Class names are also preferable to IDs. Rules that use IDs are not-reusable, as there can only be one affected element on the page.

// Bad
#my-element {
  padding: 0;
}

// Good
.my-element {
  padding: 0;
}

Nesting

Avoid unnecessary nesting. The extra specificity of a wrapper component makes things harder to override.

// Bad
.component-container {
  .component-header {
    /* ... */
  }

  .component-body {
    /* ... */
  }
}

// Good
.component-container {
  /* ... */
}

.component-header {
  /* ... */
}

.component-body {
  /* ... */
}

Selectors with a js- Prefix

Do not use any selector prefixed with js- for styling purposes.

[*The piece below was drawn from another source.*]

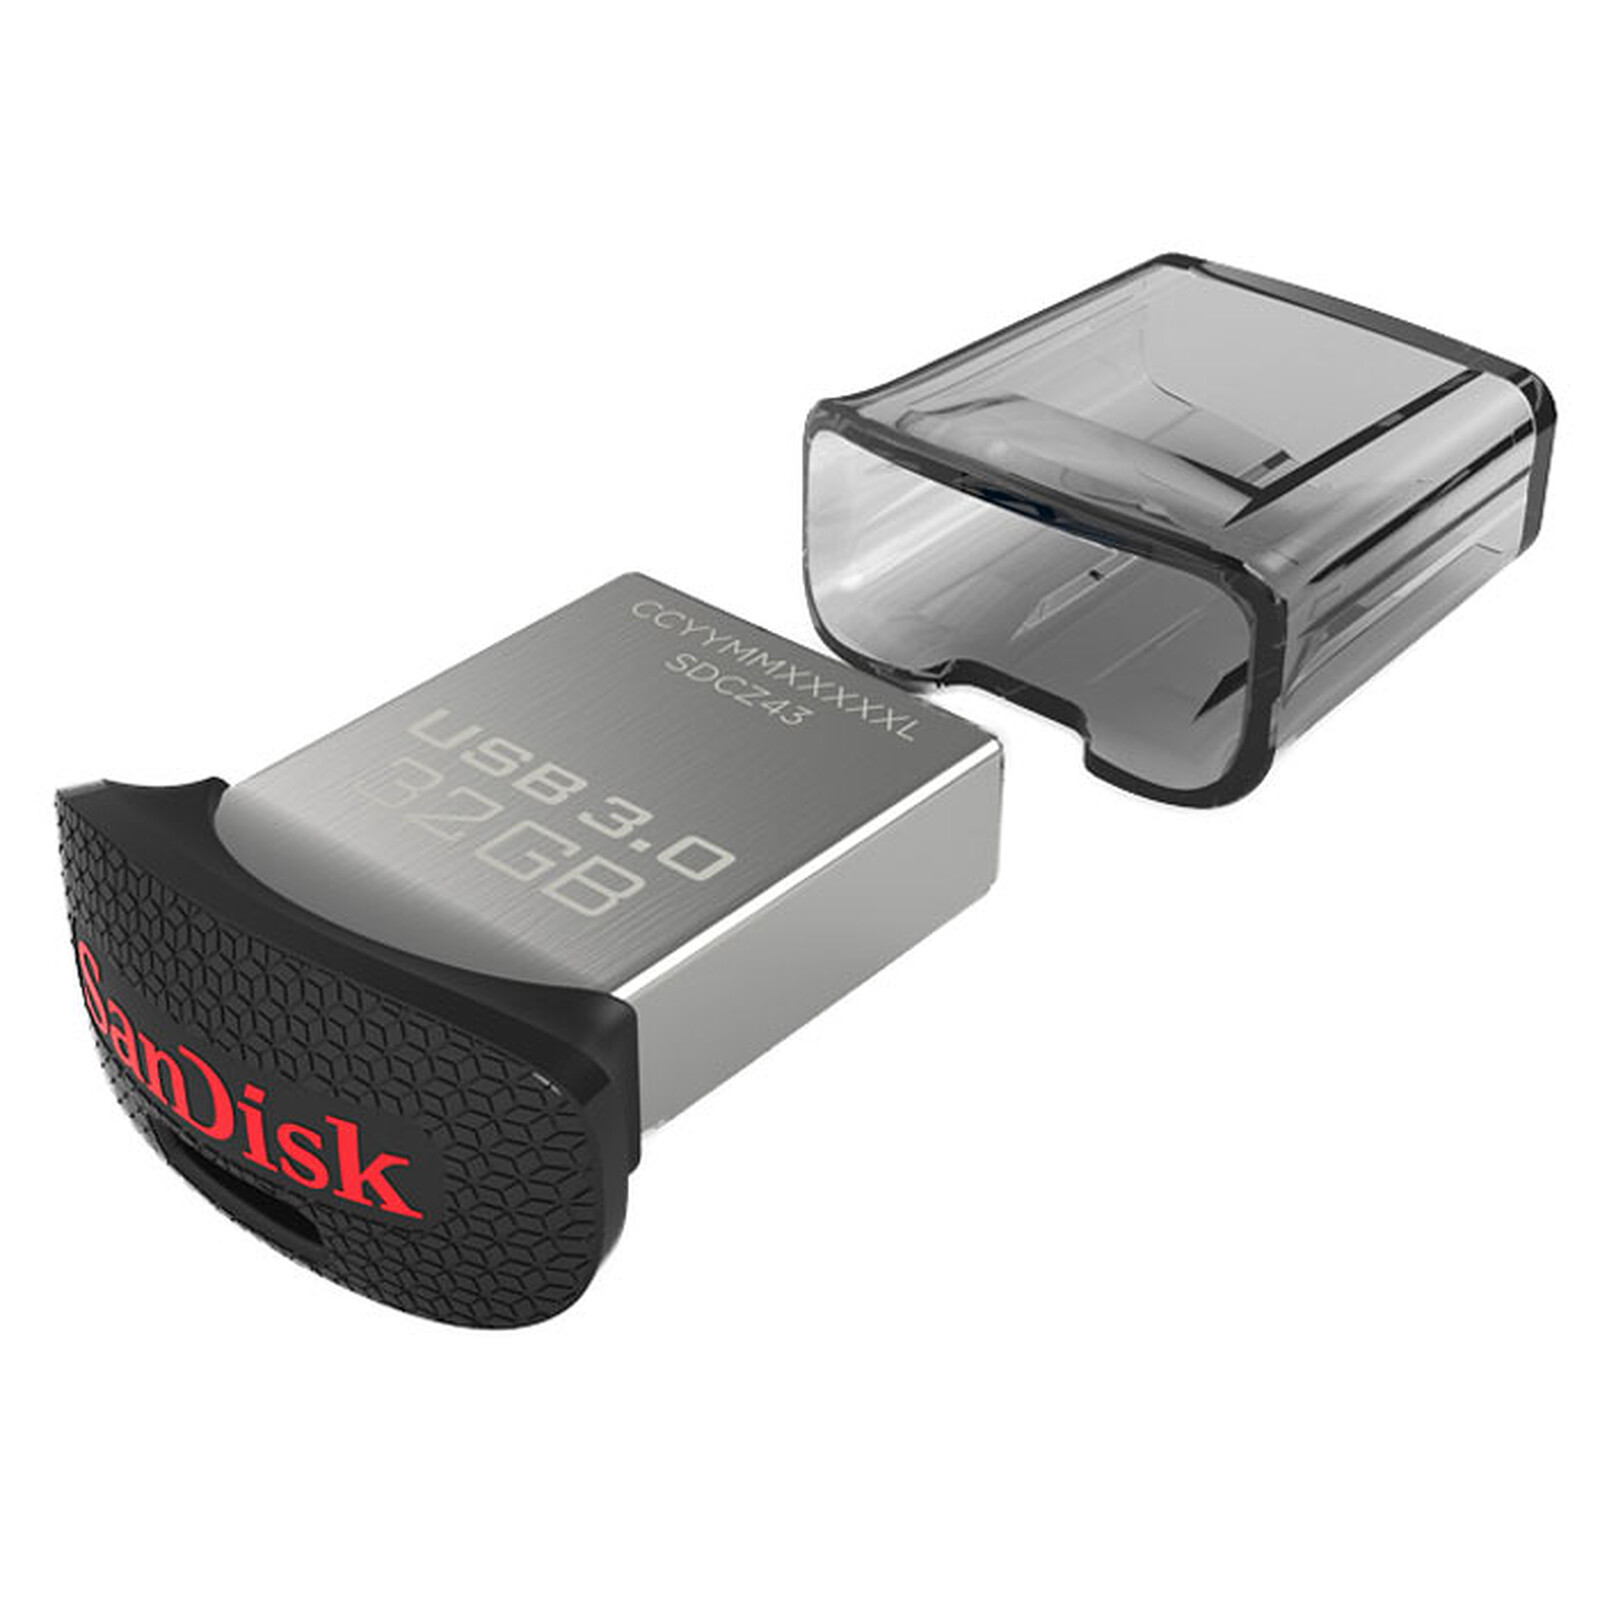 La clé USB Sandisk 128 Go est à tout petit prix, c'est le moment d'en  profiter

These selectors are intended for use only with JavaScript to allow for removal or renaming without breaking styling.

Using extend at-rule

Usage of the extend at-rule is prohibited due to memory leaks and the rule doesn’t work as it should.

Linting

We use stylelint to check for style guide conformity. It uses the ruleset in .stylelintrc and rules from our SCSS configuration. .stylelintrc is located in the home directory of the project.

To check if any warnings are produced by your changes, run yarn lint:stylelint in the GitLab directory. Stylelint also runs in GitLab CI/CD to catch any warnings.

If the Rake task is throwing warnings you don’t understand, SCSS Lint’s documentation includes a full list of their rules.